> [WHAT YOU SHOULD DO] Retype the whole listing, please, keeping every line exact and dropping the pictures.

> [DATA BLOCK]
########################################

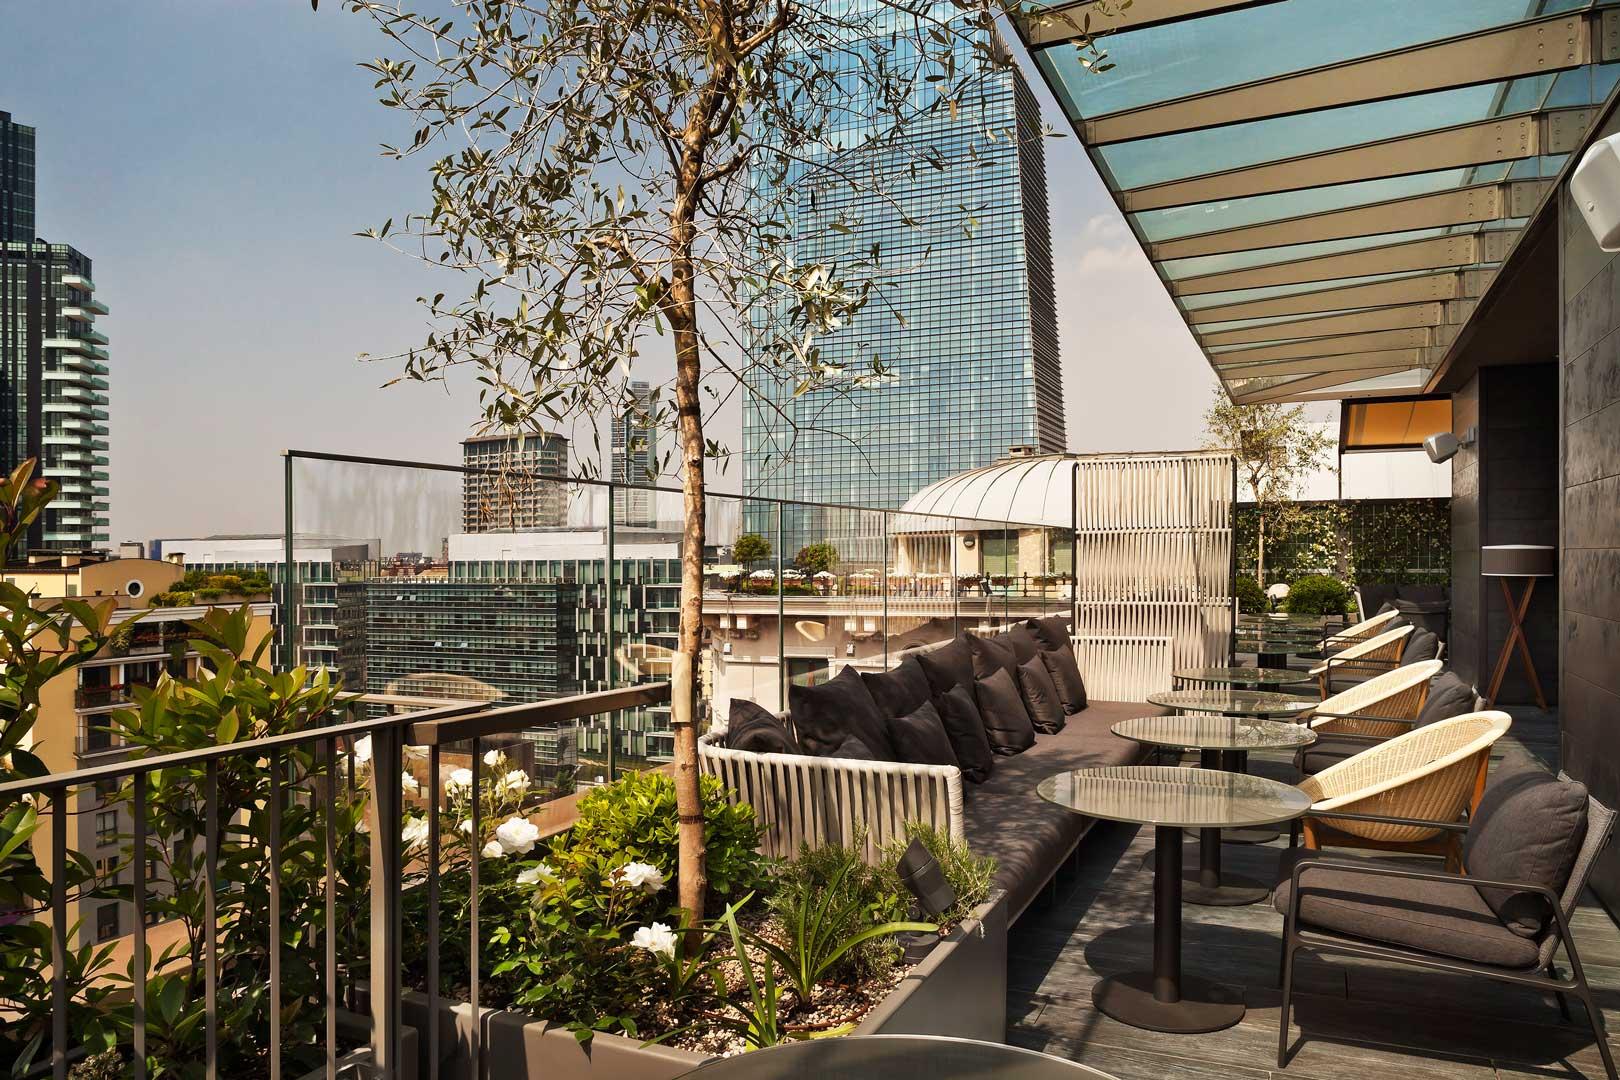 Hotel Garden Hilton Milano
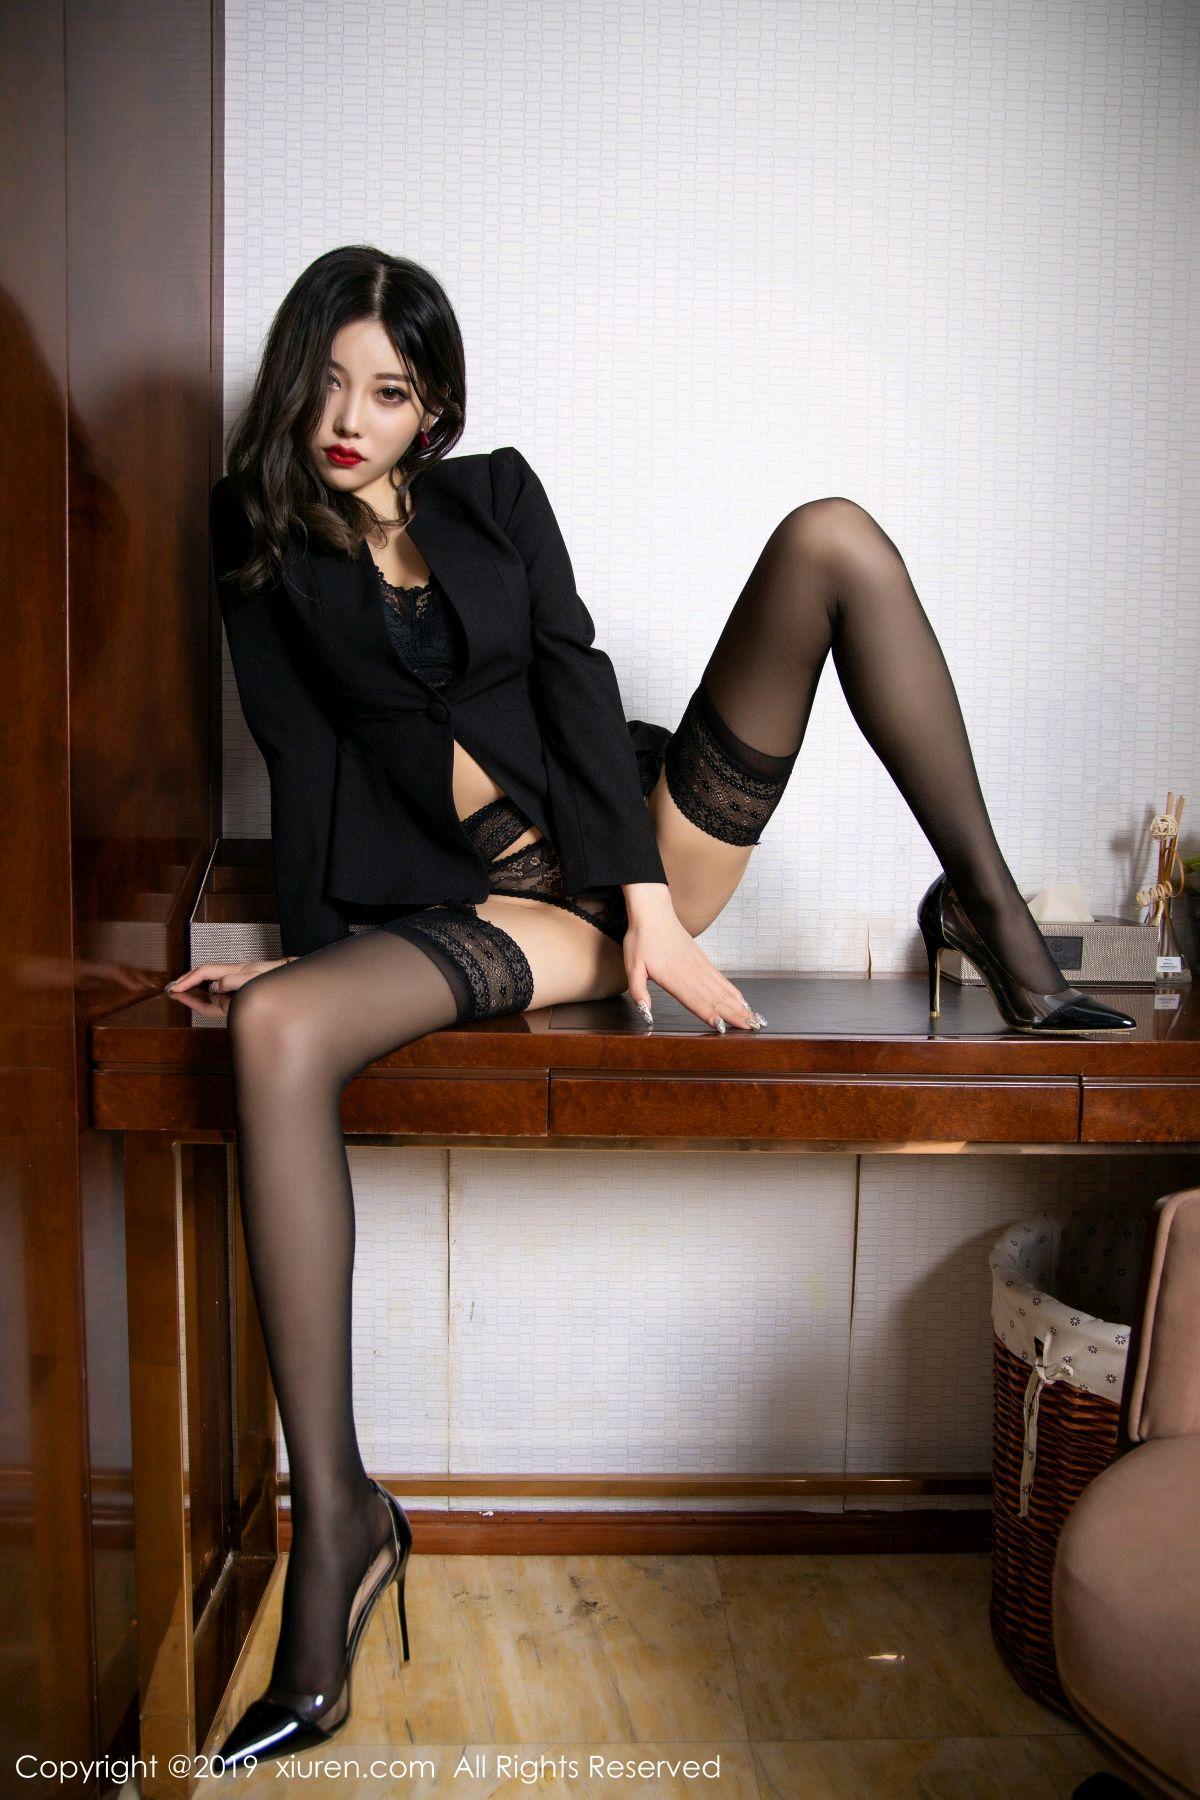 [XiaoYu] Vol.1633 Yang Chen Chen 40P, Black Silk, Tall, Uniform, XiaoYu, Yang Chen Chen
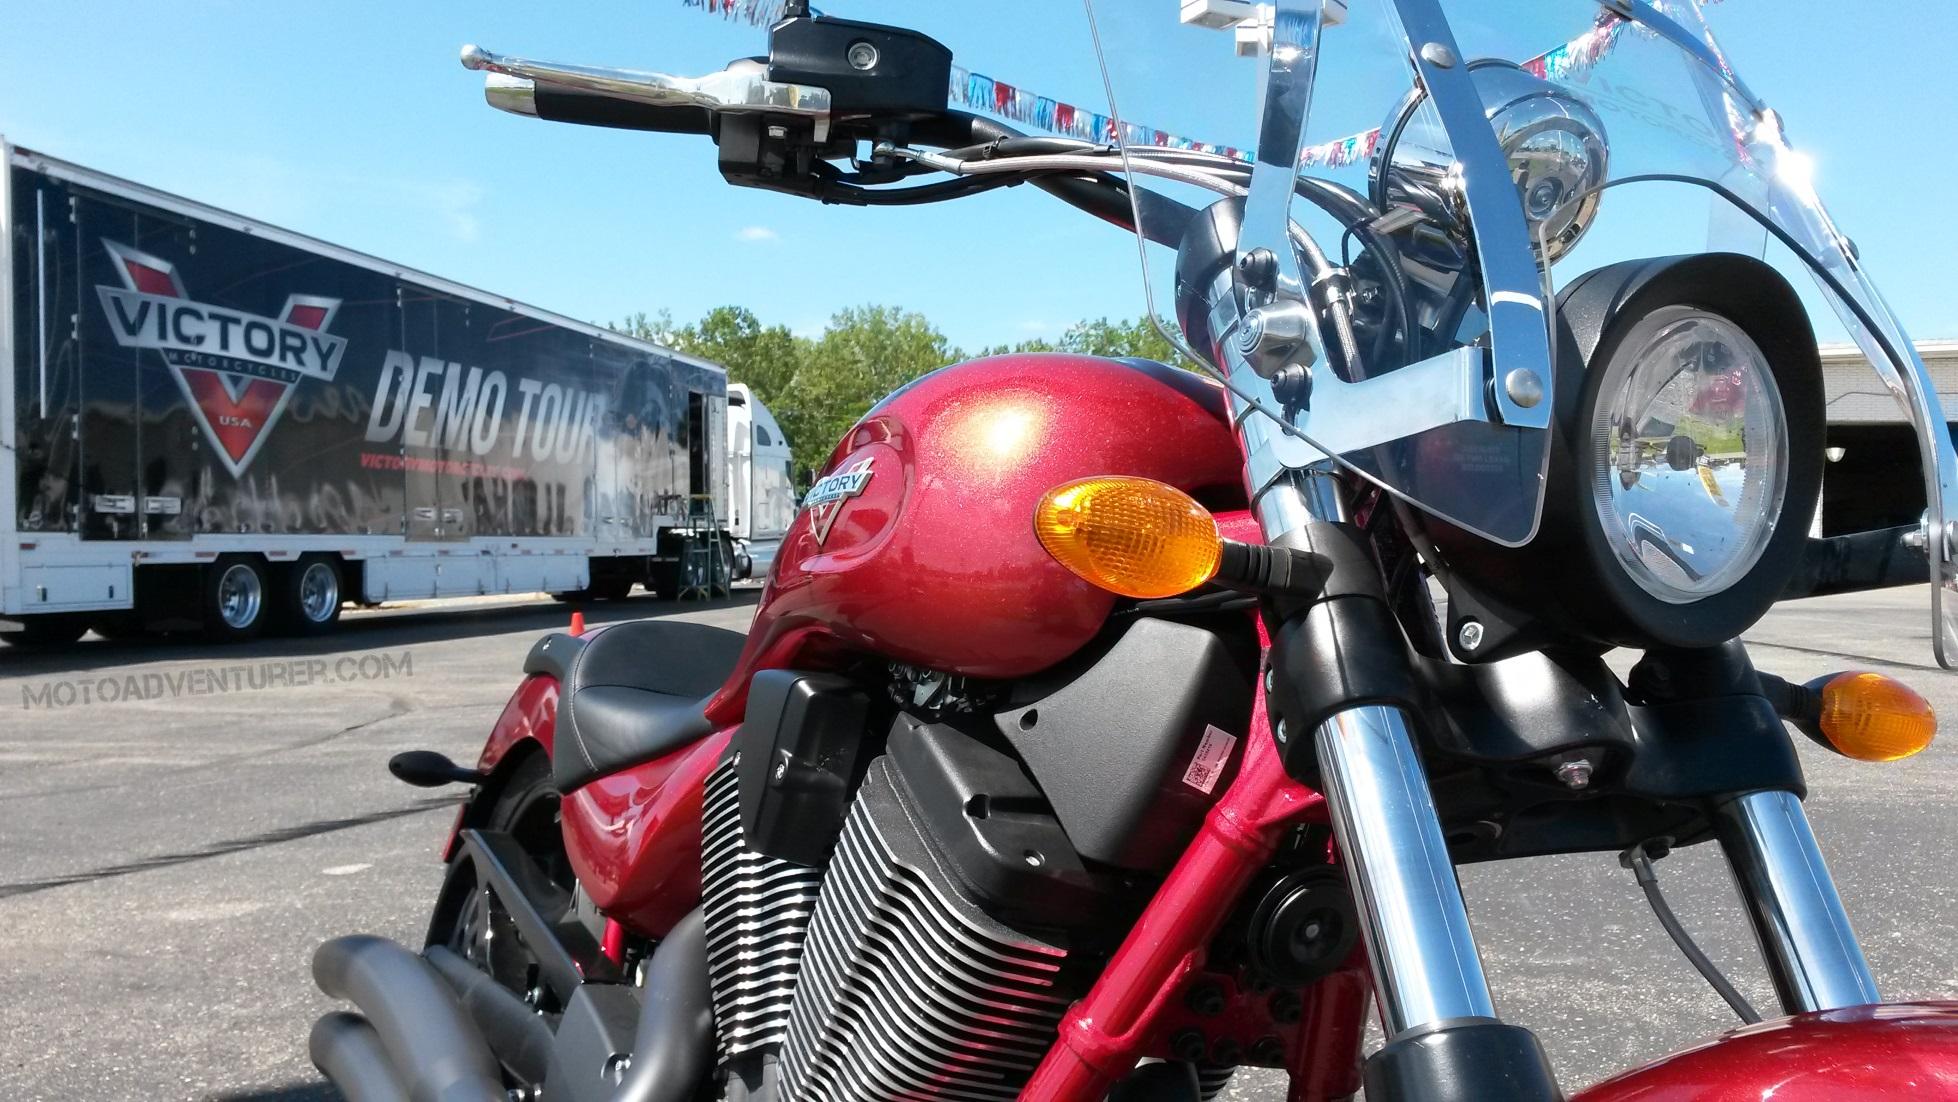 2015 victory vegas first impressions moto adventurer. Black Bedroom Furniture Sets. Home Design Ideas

########################################

> [SOLUTION FOR THIS PROBLEM]
 Hotel Garden Hilton Milano
 [XiaoYu] Vol.1633 Yang Chen Chen 40P, Black Silk, Tall, Uniform, XiaoYu, Yang Chen Chen
 2015 victory vegas first impressions moto adventurer. Black Bedroom Furniture Sets. Home Design Ideas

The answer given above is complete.